▶ [What the task asks]
Without including any pictures, write out the listing below exactly.

▶ [The data]
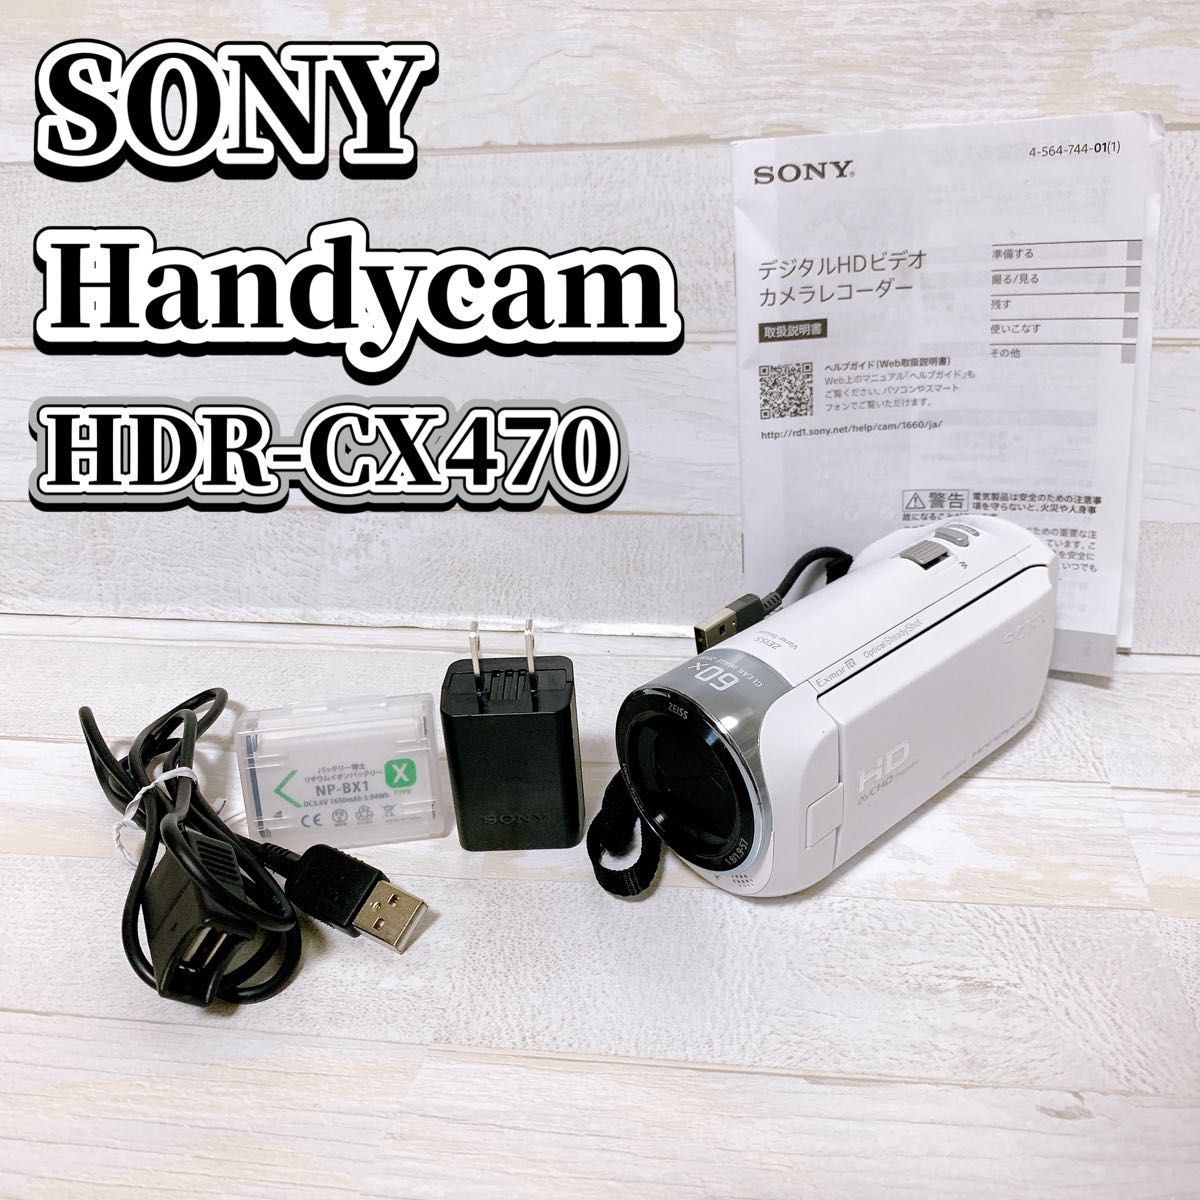 SONY ビデオカメラ ハンディカム HDR-CX470 ホワイト  ソニー デジタル ビデオカメラ handycam
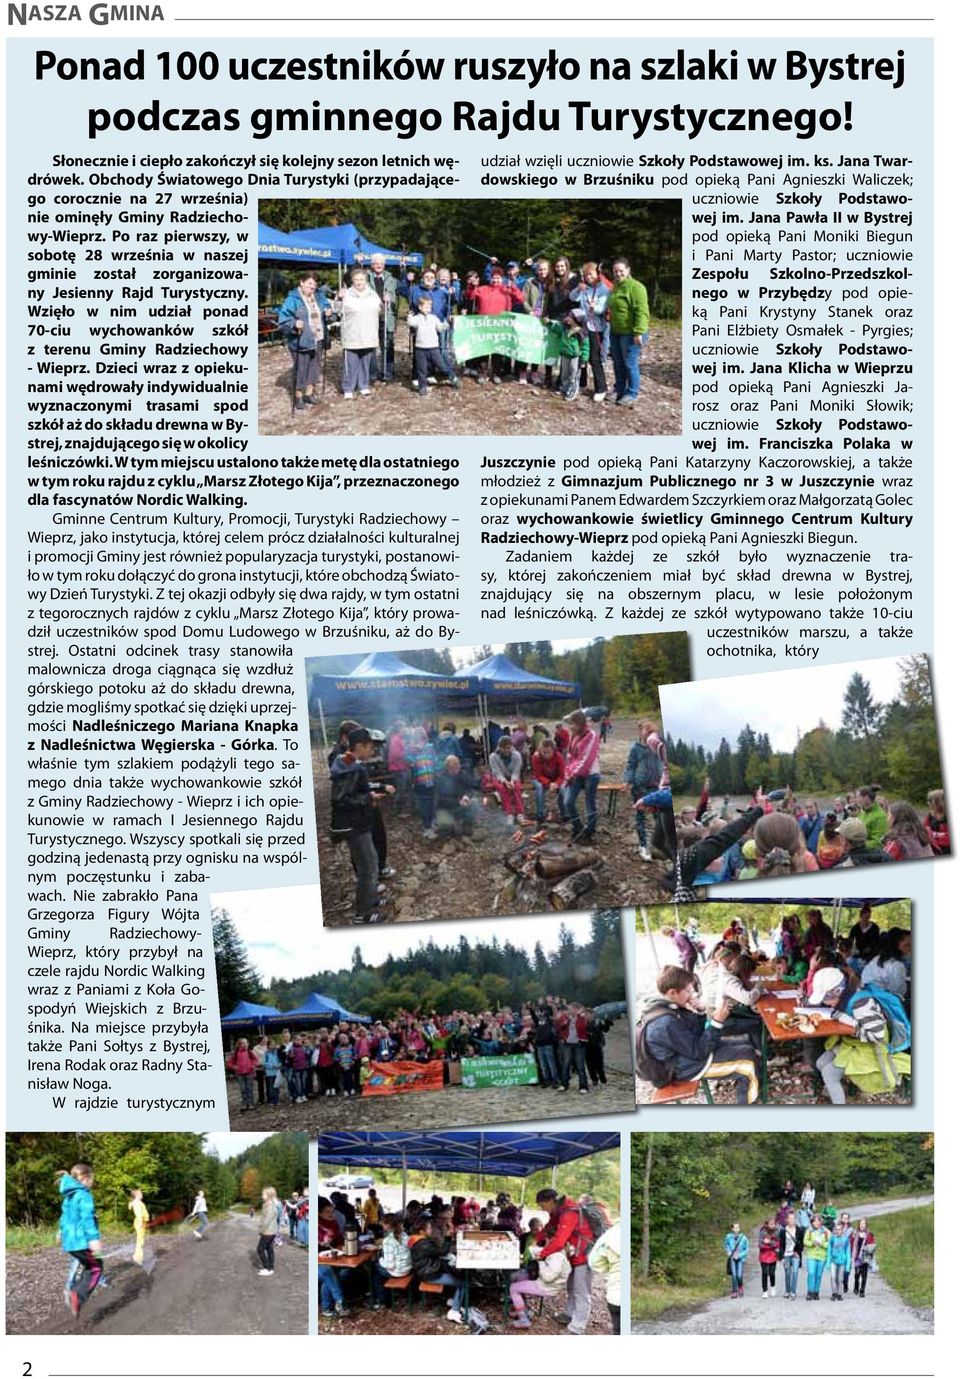 Po raz pierwszy, w sobotę 28 września w naszej gminie został zorganizowany Jesienny Rajd Turystyczny. Wzięło w nim udział ponad 70-ciu wychowanków szkół z terenu Gminy Radziechowy - Wieprz.
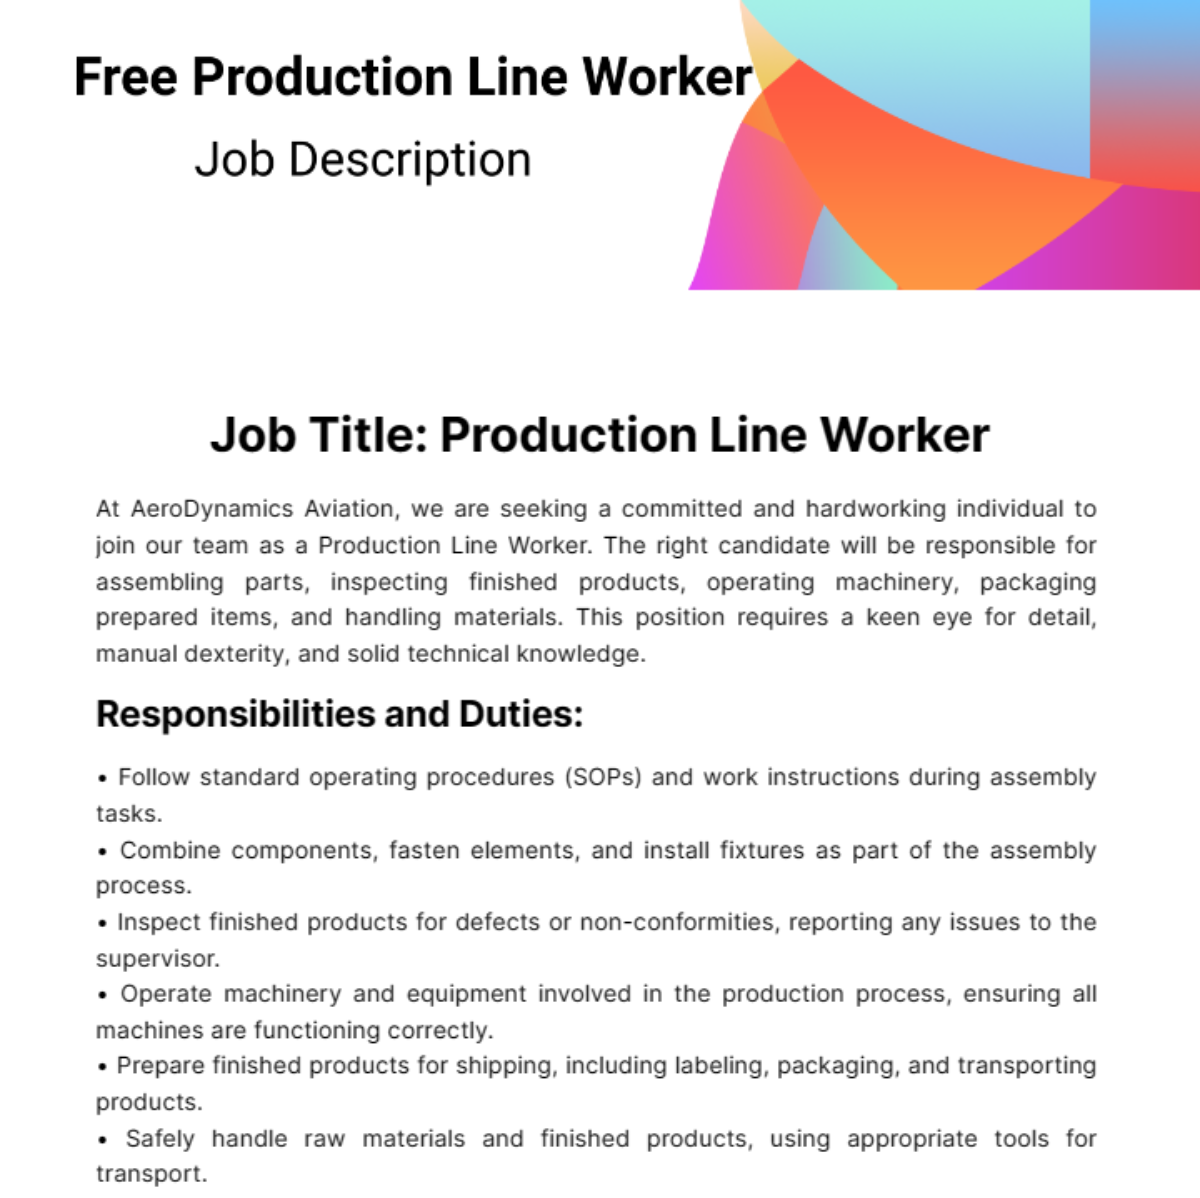 Free Production Line Worker Job Description Template
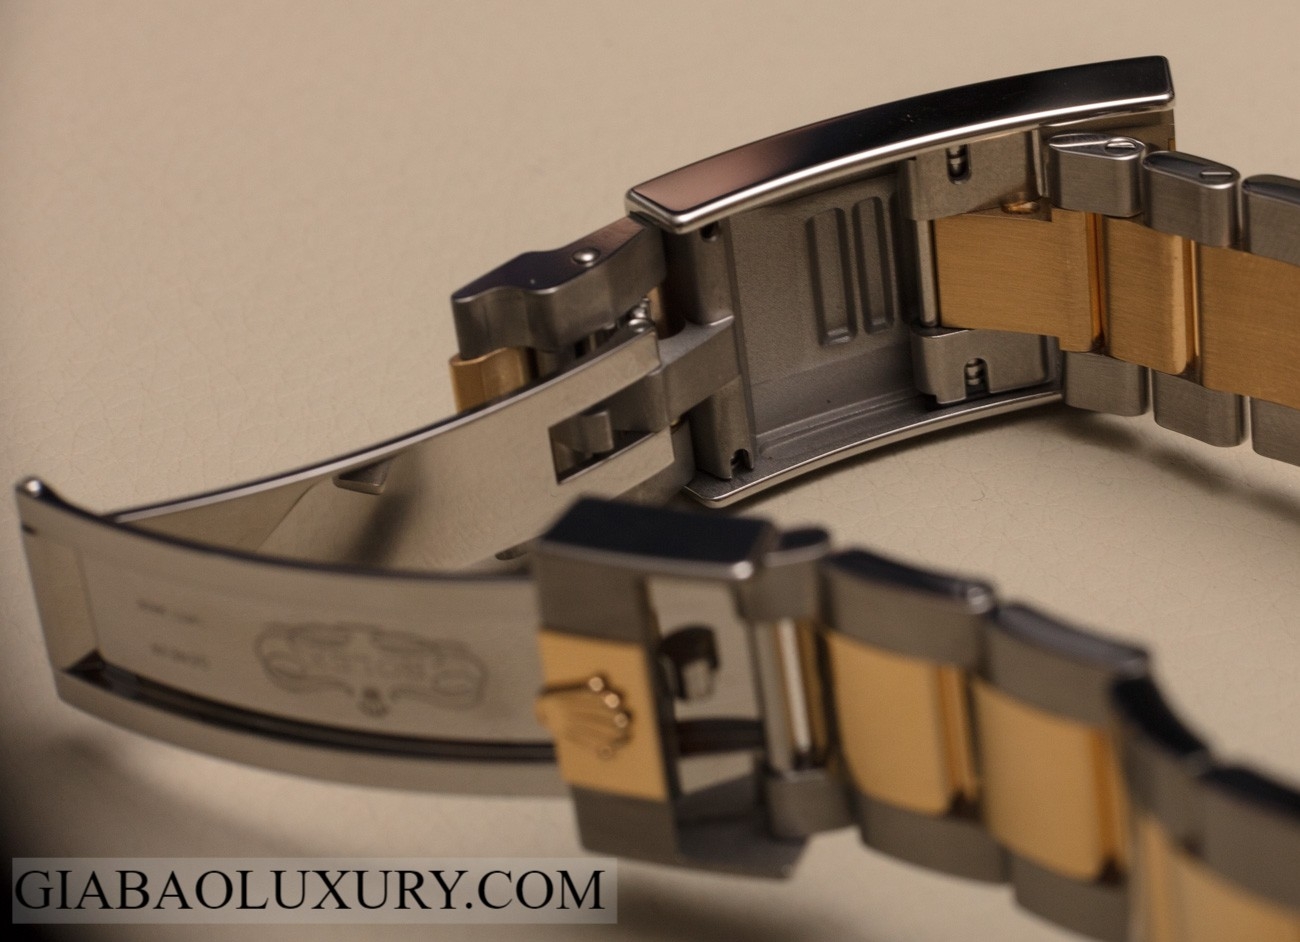 Giới thiệu đồng hồ Rolex Sea-Dweller 126603 phiên bản Rolesor vàng 43mm

▶ [Answer]
 SONY ビデオカメラ ハンディカム HDR-CX470 ホワイト  ソニー デジタル ビデオカメラ handycam
 Po raz pierwszy, w sobotę 28 września w naszej gminie został zorganizowany Jesienny Rajd Turystyczny. Wzięło w nim udział ponad 70-ciu wychowanków szkół z terenu Gminy Radziechowy - Wieprz.
 Free Production Line Worker Job Description Template
 Giới thiệu đồng hồ Rolex Sea-Dweller 126603 phiên bản Rolesor vàng 43mm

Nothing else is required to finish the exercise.